O mestre disso tudo é o sucessor de Nicolas Sarkozy, o atual presidente François Hollande, autor do novo imposto que pretende taxar ricos em 75% (sim, 75%!) de seus ganhos. Aliás, vale abrir um parênteses sobre este caso: logo após anunciar a medida, monsieur Hollande viu Bernard Arnault – homem mais rico da França, atual dono de marcas como Christian Dior e Louis Vuitton – solicitar a cidadania belga, o que o permitiria se negar ao pagamento do imposto francês passando a pagá-lo, de forma infimamente menor, na vizinha Bélgica.

Não bastasse isso, o presidente socialista decidiu inovar no meio educacional. Apontando para a problemática social onde, segundo ele, crianças ricas tendem a se desenvolver mais por contarem com a ajuda dos pais, enquanto crianças pobres não têm a quem recorrer por seus pais não serem educados, decidiu que a melhor solução para promover a igualdade social seria banir o dever de casa.

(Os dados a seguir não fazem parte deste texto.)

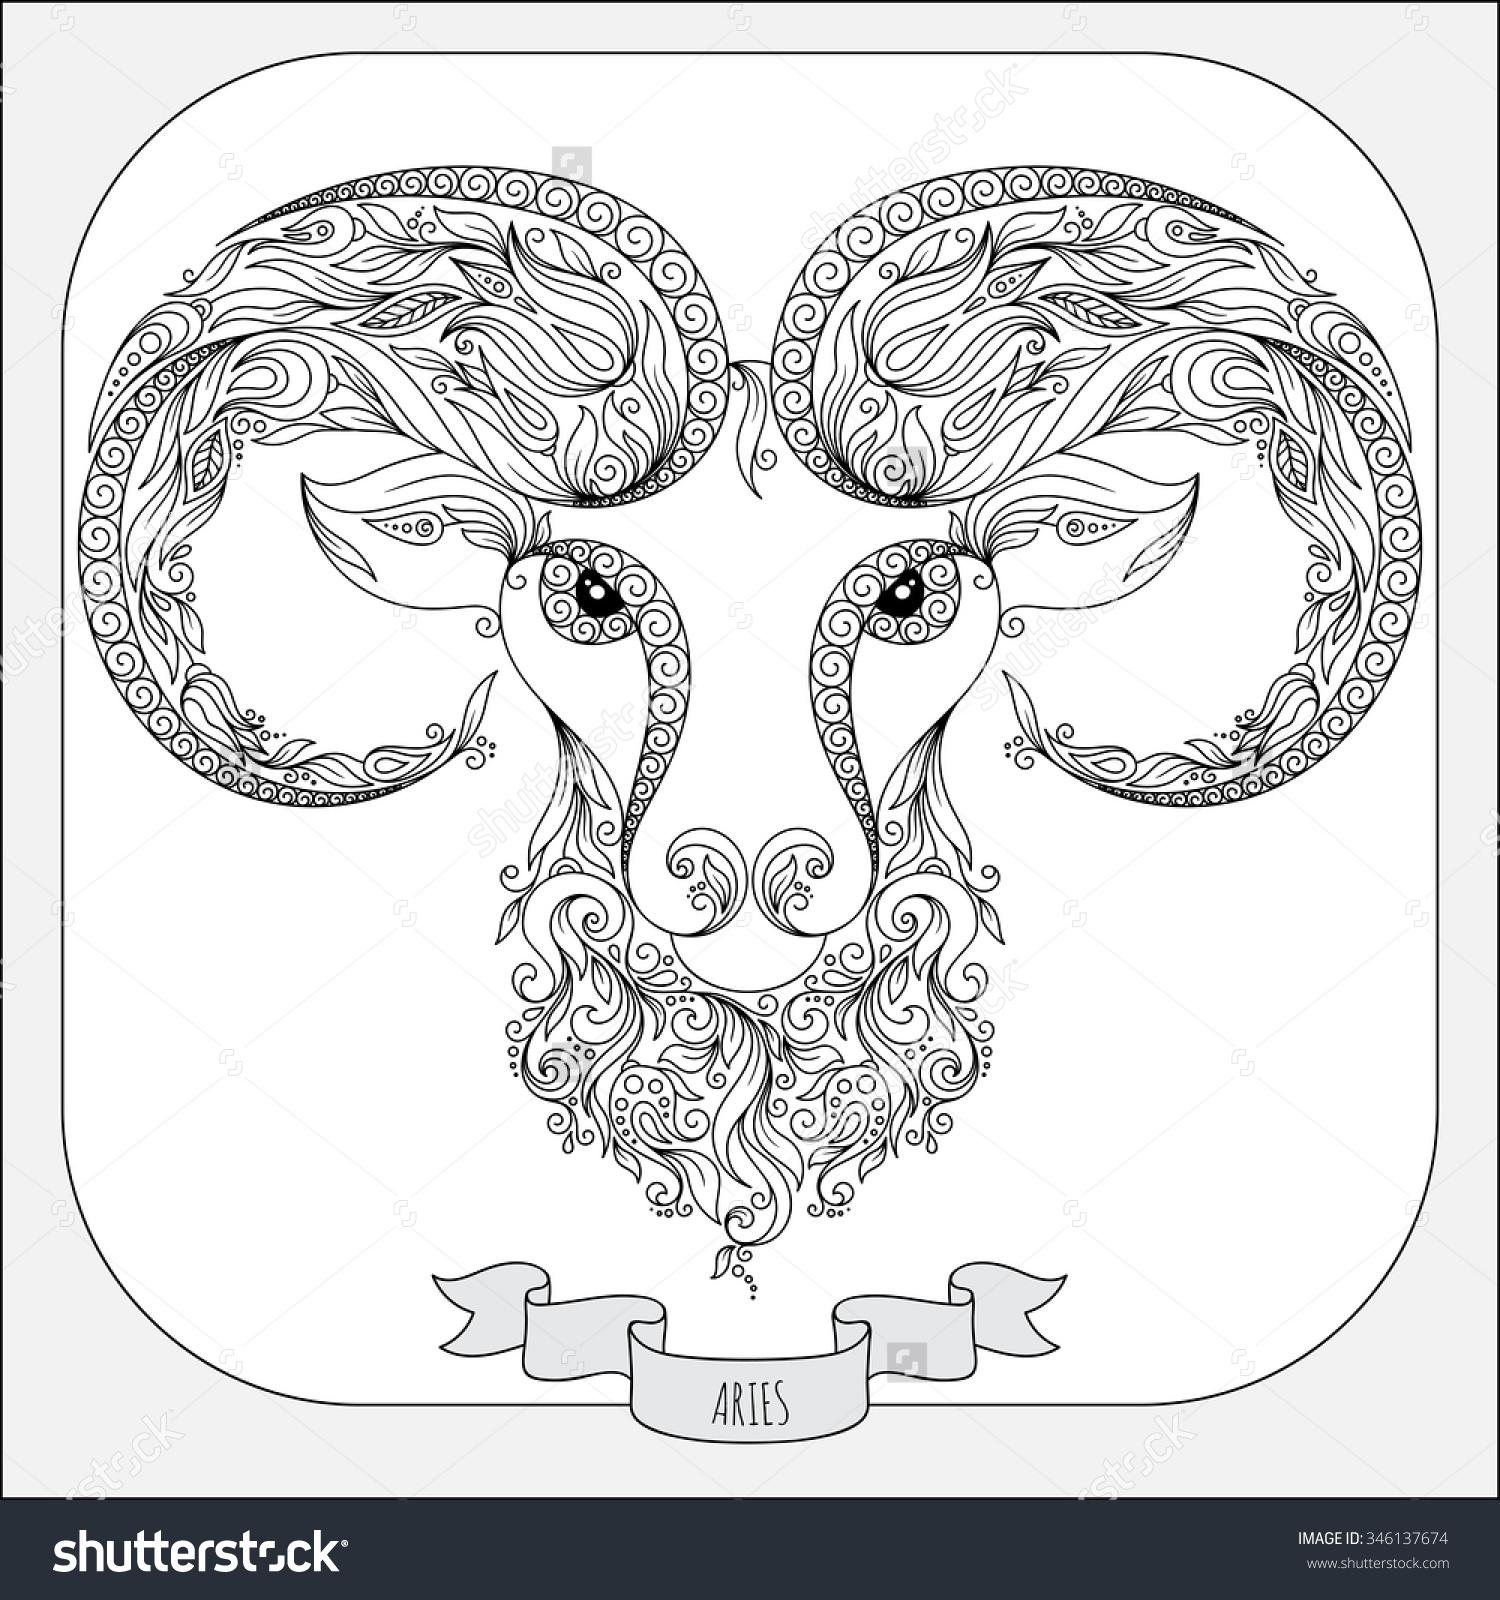 Aries coloring #12, Download drawings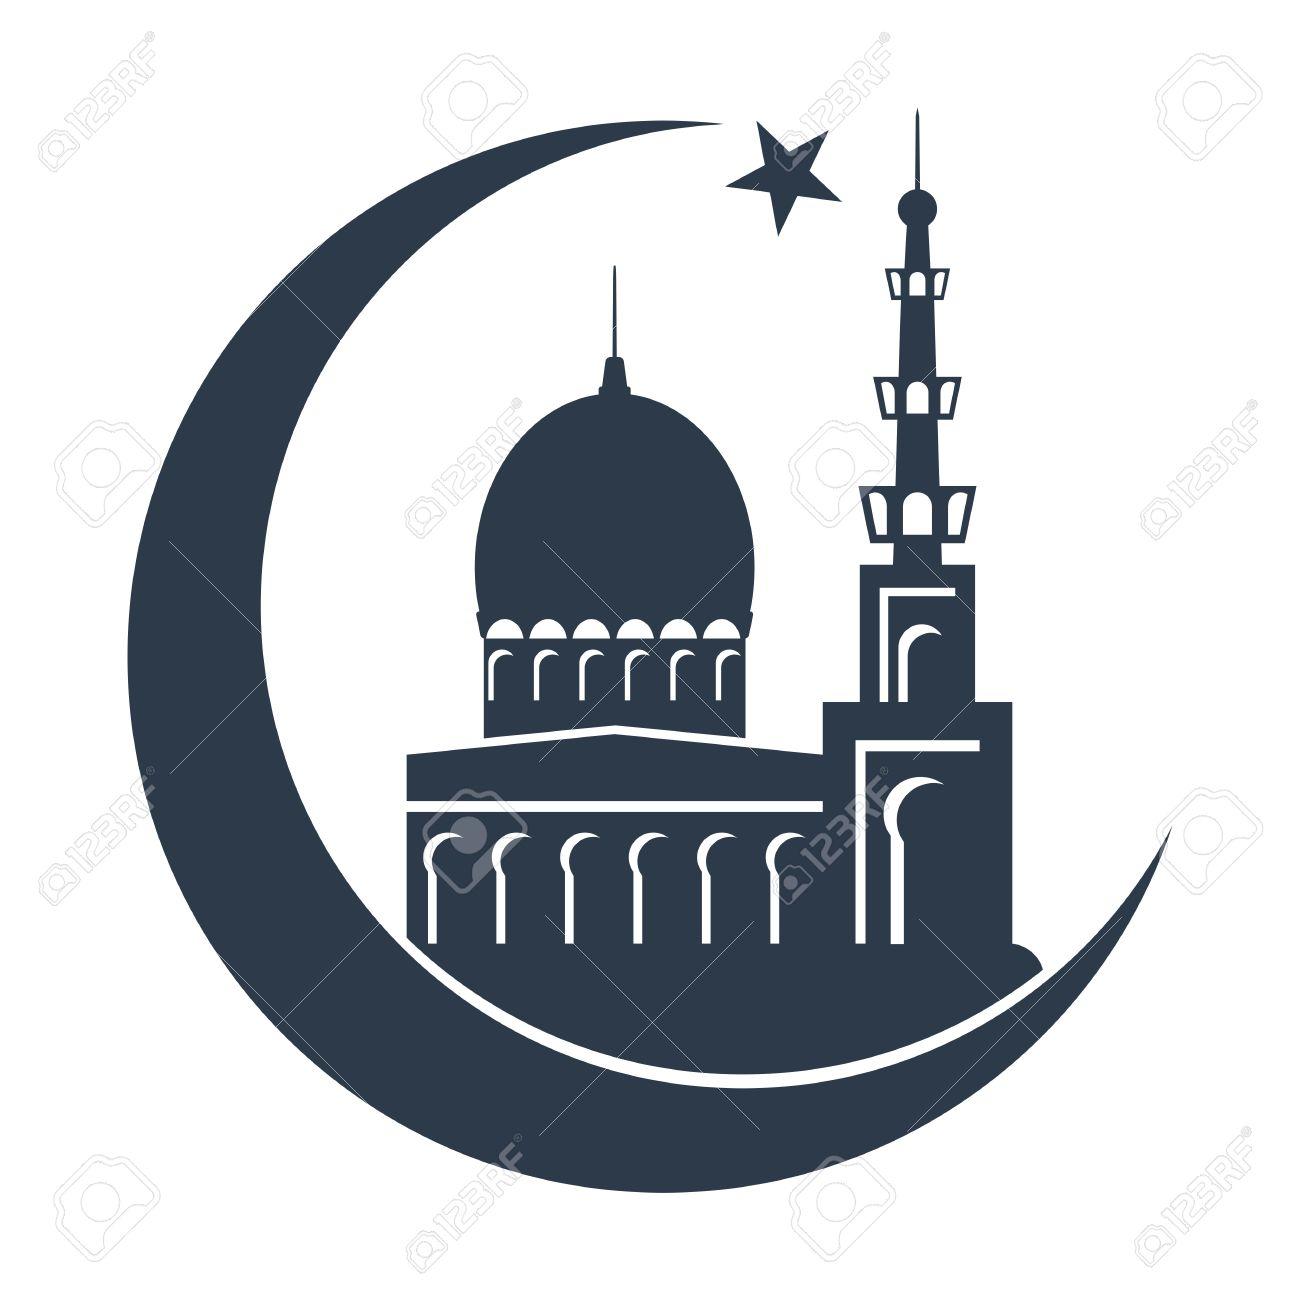 Turkish islamic mosque black silhouette template for holiday turkish islamic mosque black silhouette template for holiday greeting cards arabic booklets brochures kristyandbryce Gallery

Confesso que, mesmo se tratando da França, fiquei meio perplexo quando tomei conhecimento sobre a notícia. Ainda assim, conhecendo bem o histórico do governismo napoleônico, me preparei para o pior. E ele chegou!

Com uma breve pesquisa sobre o assunto, descobri que a medida faz parte de uma ofensiva do Partido Socialista para tentar equiparar a educação de seu país com a dos igualmente industrializados – que vem apresentando índices mais elevados nos últimos anos. Pelo que afirmam os partidários de Hollande, a idéia é fazer com que os ensinos médio e fundamental se tornem mais atrativos para as crianças, ajudando-as a melhorar seus níveis de leitura e conhecimentos científicos.

Sabendo que a proposta faz parte de um plano que almeja impactos ainda maiores na educação, tenho certo pavor de imaginar quais seriam os demais pilares a serem levantados pelo Ministério da Educação de lá.

São essas e outras que me fazem crer que nem tudo está perdido por aqui. Apesar das bizarrices do mundo político, a linha de ação de nossos governantes ainda se limita a velha e costumeira corrupção ortodoxa, sem muita criatividade ou força de vontade para fazer diferente.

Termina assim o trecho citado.